El trabajo con códices ha constituido una actividad obligada para todo aquel interesado en hurgar en el pasado precolombino de nuestras latitudes, sea de manera tangencial o profunda, siempre se ha de observar, comparar o discutir el tema, no sólo por lo que se esté narrando o explicando en estos documentos elaborados en piel de venado, sino por todo aquello que podemos inferir sobre el conocimiento que ellos construyeron de su entorno y la manera en que lo expresaron y registraron. Al decir de Escalante, “las escenas de los códices están construidas predominantemente con recursos pictográficos, pero se complementan con glifos más abstractos que sirven para indicar las fechas, los nombres de los personajes, los nombres de los lugares y algunas otras cosas”. Lo anterior demuestra la complejidad de la expresión mesoamericana que se sustenta en una capacidad de abstracción que trasciende el mero código escrito y que lleva al lector a una especie de “performance” –utilizo el anglicismo por la falta de un concepto en castellano que englobe actuación, oralidad, musicalidad y otros elementos–, es decir, que la expresión distaba mucho de ser individualizada y podría haber sido grupal –ignoro si colectiva o no. Como apunta Escalante, “el entendimiento completo de las escenas pictográficas requería, sin duda, de relatos orales que los usuarios de estas pictografías conocían. Las crónicas escritas en el siglo XVI, especialmente las explicaciones de los frailes que se acercaron a los indios para estudiar con ellos los antiguos manuscritos, indican que el aprendizaje de la interpretación de los códices corría paralelo a la memorización de historias”. 
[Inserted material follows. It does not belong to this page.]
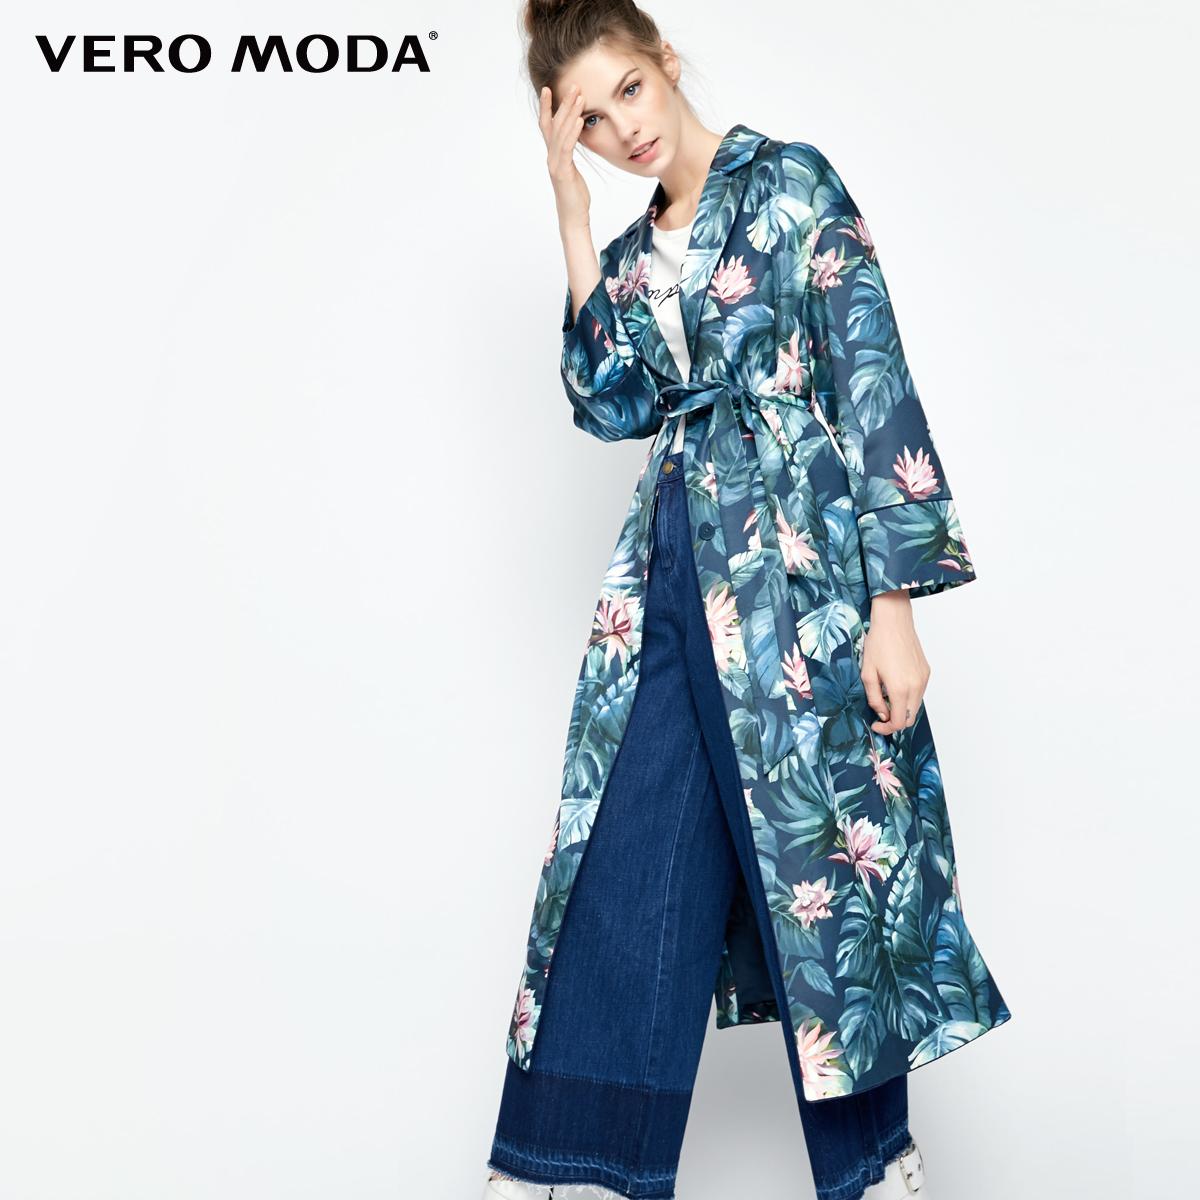 Vero Moda2017秋季新款数码印花睡衣风风衣外套|317321515

En el texto encontramos descripciones de las tradiciones pictográficas en el estado de México, en la región Puebla–Tlaxcala, en Oaxaca, Guerrero y Morelos. Me interesa destacar el caso de Puebla–Tlaxcala y el códice Borgia que se cree originario de esta región. Dicho códice, nombrado así por la familia que lo albergó hasta que pasó a pertenecer a la colección de la Biblioteca Apostólica Vaticana, contiene entre otras cosas ilustraciones de los días en el Tonalpohualli, calendario ritual de 260 días. Curiosamente, al menos una de las representaciones en este códice se repite en otro lugar, en Tizatlán, Tlaxcala. El lugar que está camino a Apizaco fue asiento de Xicohténcatl y tiene restos de un templo del Postclásico donde en los años 20 del siglo pasado se descubrieron pinturas murales en una cámara que se cree pudo haber sido para la educación de guerreros. Ahí, entre representaciones de manos cercenadas, corazones y cráneos, se encuentra la clara imagen del dios Tezcatlipoca tal cual como aparece en el códice Borgia. Ya Alfonso Caso había analizado ambas expresiones pictográficas cuando hizo una primera exploración del sitio llegando a la conclusión de que la relación era evidente. Como se ve, el conocimiento de los códices es necesario para comprender los intercambios regionales y las posibles convenciones estéticas, artísticas y religiosas que se desarrollaron en el centro del territorio al menos en el periodo Postclásico. El lector encontrará una enumeración sumamente completa de códices y regiones. Por ejemplo, en la región del Valle Puebla–Tlaxcala, siguiendo a Valdivia, contamos también con los códices Cospi y el Vaticano B;  los mapas de Cuauhtinchan, la denominada Historia Tolteca–Chichimeca, el lienzo de Quauhquechollan, la Genealogía de Quauhquechollan–Macuilxochitepec, el Códice de Huamantla, entre muchos otros. El libro, pues, resulta una guía excelente para adentrarse al conocimiento de estos temas.